Histopathological examination
Cardiac tissues obtained from the rats were fixed in 10% formalin solution for 24h. After routine tissue processing, 4-µm-thick sections were obtained from the paraffin blocks and were stained with hematoxylin&eosin. All sections were examined under a light microscope (Olympus BX 52, Tokyo, Japan) by two pathologists who were blinded to the treatment protocol.
Immunohistochemical procedures
For immunohistochemical staining, primary antibodies of caspase-3 antibody Santa Cruz Biotechnology, Dallas, TX: 1/100 and, Cell Signaling Technology Inc., Danvers, MA were used. Sections were stained using a fully automated immunohistochemistry (IHC) device (LeicaBond-Max, LeicaBiosystems, Melbourne, Australia). After being processed in the IHC device, sections were dehydrated through a graded series of ethanol to xylene and enclosed with a mounting medium (Entellan, Merck Millipore, Darmstadt, Germany). From the rat heart samples incubated in 10% formalin solution for immunohistochemical processing, 4-µm-thick sections were made on a positively charged microscope slide. Results of the analysis under Olympus BX51 microscope were evaluated on the basis of caspase-3 staining of the heart using the grading system below. In this evaluation, diffuseness and intensity were considered separately. Diffuseness represents the areas the dye can be found and the intensity represents the color intensity. For diffuseness, grade I represents coloration in <10%, grade II represents coloration between 10%–50%, and grade III represents coloration in >50% cells. For intensity, grade I represents mild, grade II represents intermediate, and grade III represents intense coloration of the cells.
Statistical analyses
The results obtained from the experiments are depicted as “mean±standard deviation” (×±SD). The significance level of the intergroup difference was identified using one-way analysis of variance. Then, Fisher’s posthoc least significant difference was performed. All statistical analyses were performed using “IBM SPSS Statistics Version 20” program, and a p value of <0.05 was considered significant.
Results
Biochemical results
As can be seen in Figure 1a, CP group, to which cisplatin was administered, a statistically significant increase in MDA levels in the cardiac tissue was detected compared to the HE group (p<0.0001). Rutin administration decreased this increase in the CP groups. However, he difference between CR-100 group and HE group was not statistically significant (p>0.05).
Figure 1.
MDA (A), tGSH (B), and proinflammatory cytokine (C) levels in the heart tissues of the CP, CR-50, CR-100, and HE groups. The HE group is compared with other groups (n=6; *=P<0.0001)
Cisplatin administration significantly decreased tGSH levels in the cardiac tissue, and a significant difference was detected in the CP groups when compared to the HE group (p<0.0001; Fig. 1b). In groups administered rutin, particularly when 100 mg dosing was used, decrease in tGSH levels was prevented compared to the CP group and the values were close to those in the HE group.

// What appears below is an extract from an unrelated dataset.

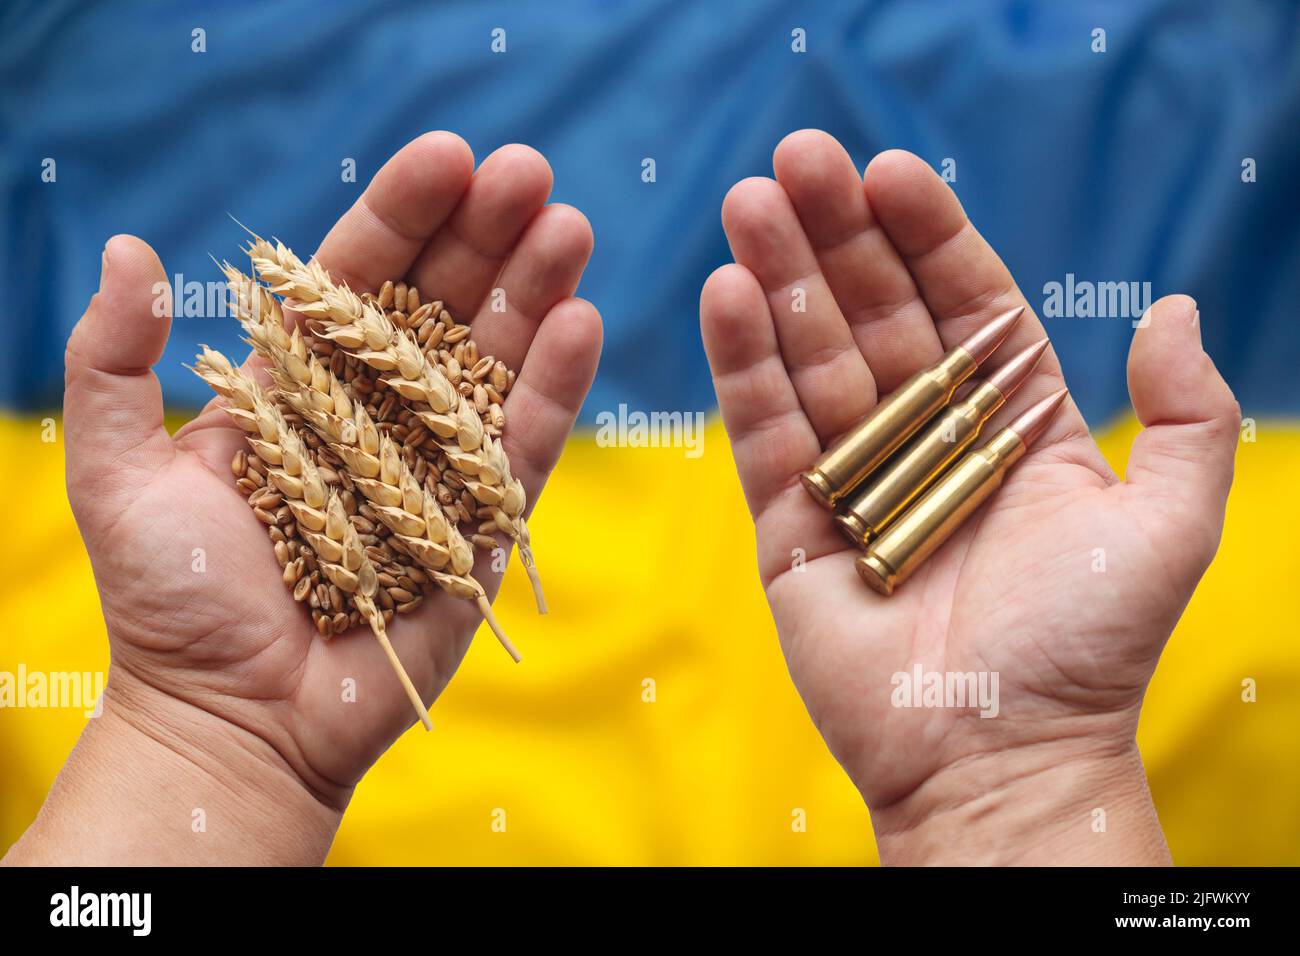 Mögliche Nahrungsmittelkrise durch den Krieg in der Ukraine verursacht. Hände mit Weizenkorn und Munitionslagge, Ukraine-Flagge im Hintergrund. Konzept. Stockfoto

IL-1β levels in the cardiac tissue were higher in the CP group than in the HE group (p<0.0001). No statistically significant difference was detected between the CR-100 group and HE group (p>0.05; Fig. 1c). TNF-α levels were found to be increased in the CP group than the HE group, and the difference was statistically significant (p<0.0001). TNF-α levels decreased significantly in the groups administered rutin, particularly in the CR-100 group, and reached to the levels similar to those in the HE group (Fig. 1c).
Troponin I levels were significantly increased in the CP groups compared to the HE group (p<0.0001). Rutin administration significantly decreased troponin I levels. The difference between the groups administered rutin and HE group was not statistically significant (p>0.05; Fig. 2a).
Figure 2.
Plasma troponin I (A), CK-MB (B), and CK (C) levels of the CP, CR-50, CR-100, and HE groups. The HE group is compared with other groups (n=6; *=P<0.0001)
Plasma CK-MB levels in the CP group increased significantly compared to the HE group, and the difference between the two groups was statistically significant (p<0.0001). Rutin administration halted this cisplatin-dependent increase. The difference between CR-50, CR-100, and HE groups was not statistically significant (p>0.05; Fig. 2b).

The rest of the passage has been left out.